If you travel with a passenger, both of you should go through the checklist as a second person may notice a mistake the first person made. Also, it is good for both people to take turns hitching up the toad. If both people are familiar with the procedure, they both will understand it better. Who knows, there may come a time when the main driver is incapacitated and the second person may have to hook up the toad and even drive the bus.

Also, after hooking up your toad, do not give your rig any throttle, just shift it into gear, release the brakes, and inch forward while idling, or give it as little throttle as possible to start moving. If the toad wheels are locked up, then you should have a clue that something is not right, and then is the time to find out what is going on and fix the problem before moving further.

If you continue to drive with either the parking brakes set or the engine in gear, then bad things can quickly happen. At the minimum, you may find that your brakes are all worn out when you arrive at your destination requiring a brake job.

Or if you left your transmission in gear, you may very well over-rev the engine, destroying it from the inside out. That can be very expensive to replace.

Or even worse, if you drag your tires down a paved road, the tires may catch on fire and the fire will probably be too hot to disconnect your car from your bus by the time you notice it, sending your bus up in flames too before the fire department can arrive.

You can potentially mitigate this risk if you have a TPMS (Tire Pressure Monitor System). A good TPMS will sound an audible alarm and provide a visual indicator when a tire overheats, hopefully before it bursts into flames, and if you pull over immediately, you may be able to catch it in time.

If you do not have a TPMS, you may get lucky and see smoke billowing out from behind you or a passing motorist may flag you down, and if caught early enough, you may be able to get close enough to your tow bar and unhook your toad and drive your bus out of harm’s way.

Warning, if you use padlocks to connect your tow bar hitch pins to prevent them from being stolen, then you will probably never be able to disconnect it in time in case of emergency, so I do not recommend you do this.

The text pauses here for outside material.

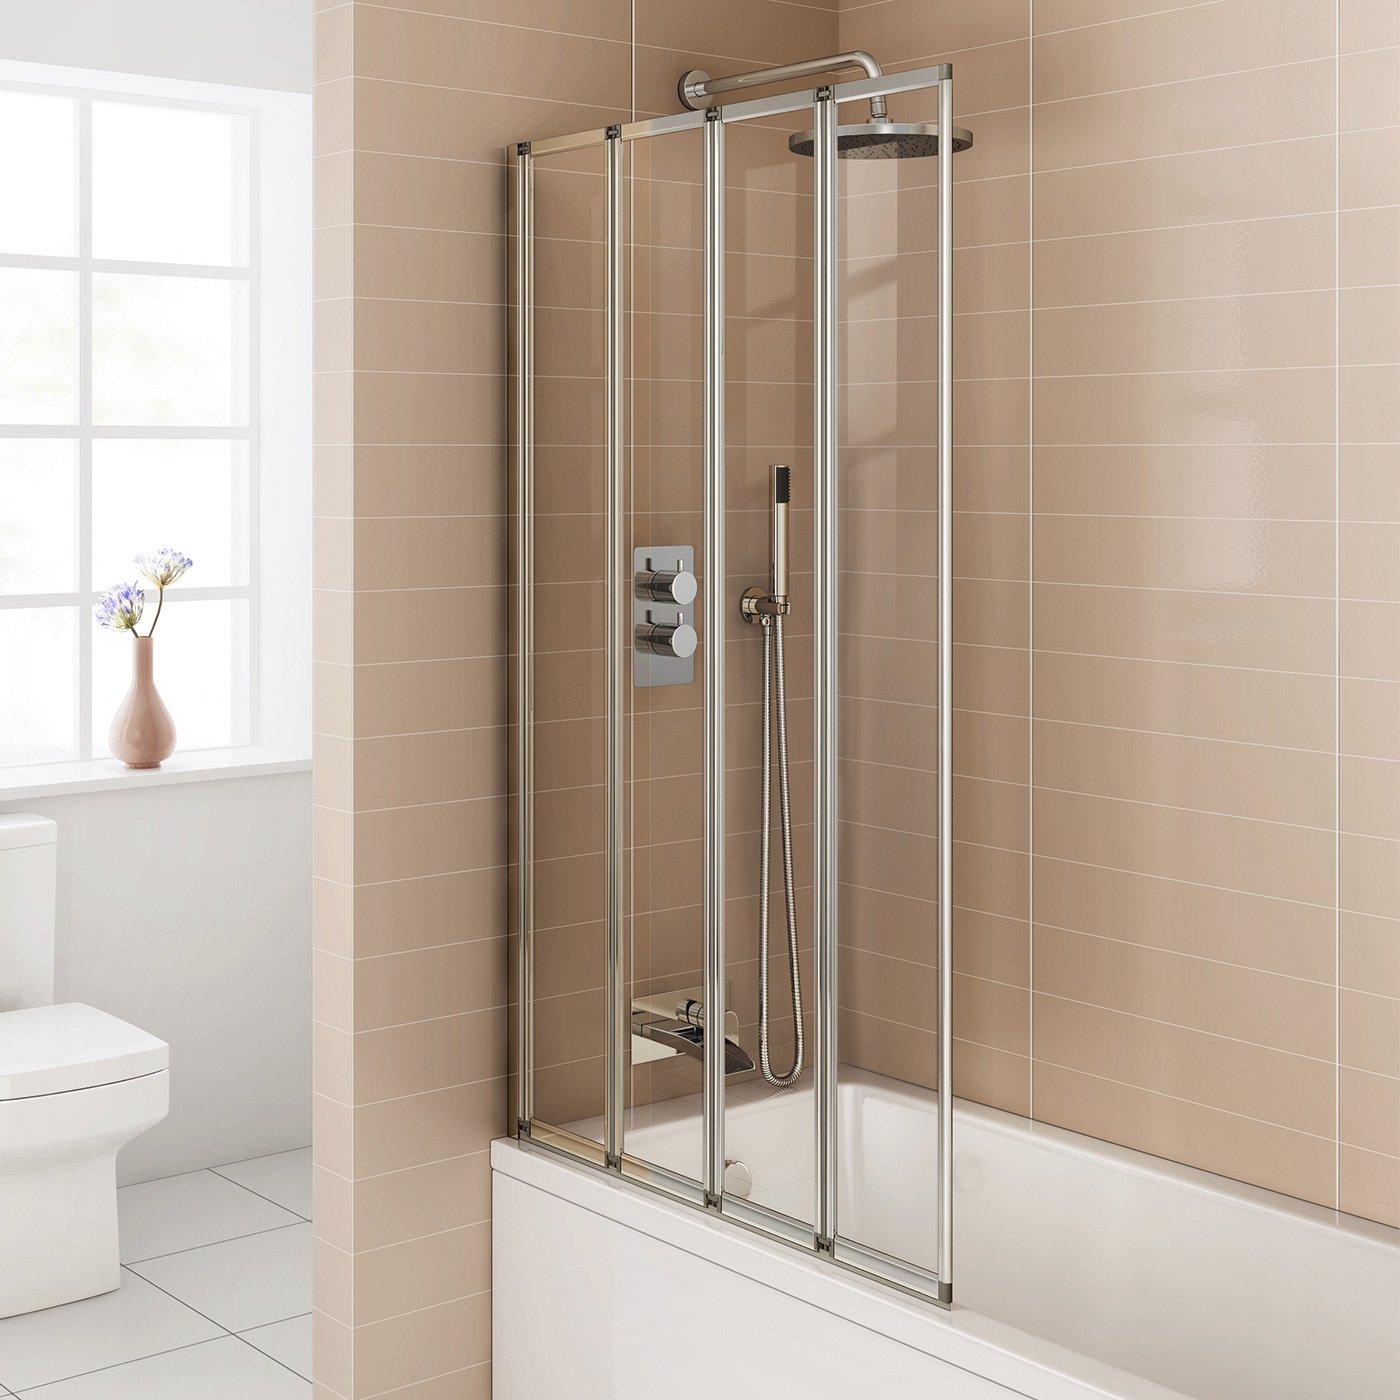 800mm modern pivot folding bath shower glass screen reversible 800mm modern pivot folding bath shower glass screen reversible door panel ibathuk amazon co uk kitchen home

It is better to use regular hitch pins and check to see if they are still there every time you stop for a break.

If you carry a big fire extinguisher, bigger than most people would carry in a bus, then maybe you will get lucky and be able to extinguish a tire fire if you catch it early enough and if know what you are doing. See Buses Really Burn for more information about burning buses and Fire Extinguisher 101 on our Blog for more information about the best fire extinguisher to buy to carry in your bus.

I hope if you have a toad, you either have a pre-flight checklist or will create one the next time you hitch up your toad and use it every time you leave on a trip so nothing is missed. This may save you thousands of dollars in repairs or fire damage as this happens more often than you may imagine.

Article written by Gary Hatt

Since July 2012, Gary Hatt has been the Publisher of Bus Conversion Magazine. Gary does most of his own work on his bus with the help of mechanic friends. He has owned tents, truck campers, travel trailers, and stick-n-staple motor-homes until he bought his first bus in 1997 which was a 1972 MCI MC-7 Combo. When he had a chance to buy a 1983 MCI MC-9 Log Cabin bus with larger windows he jumped at the chance. On Thanksgiving of 2014, Gary bought a 1967 Model 08 Eagle and has since been living and traveling full time in that.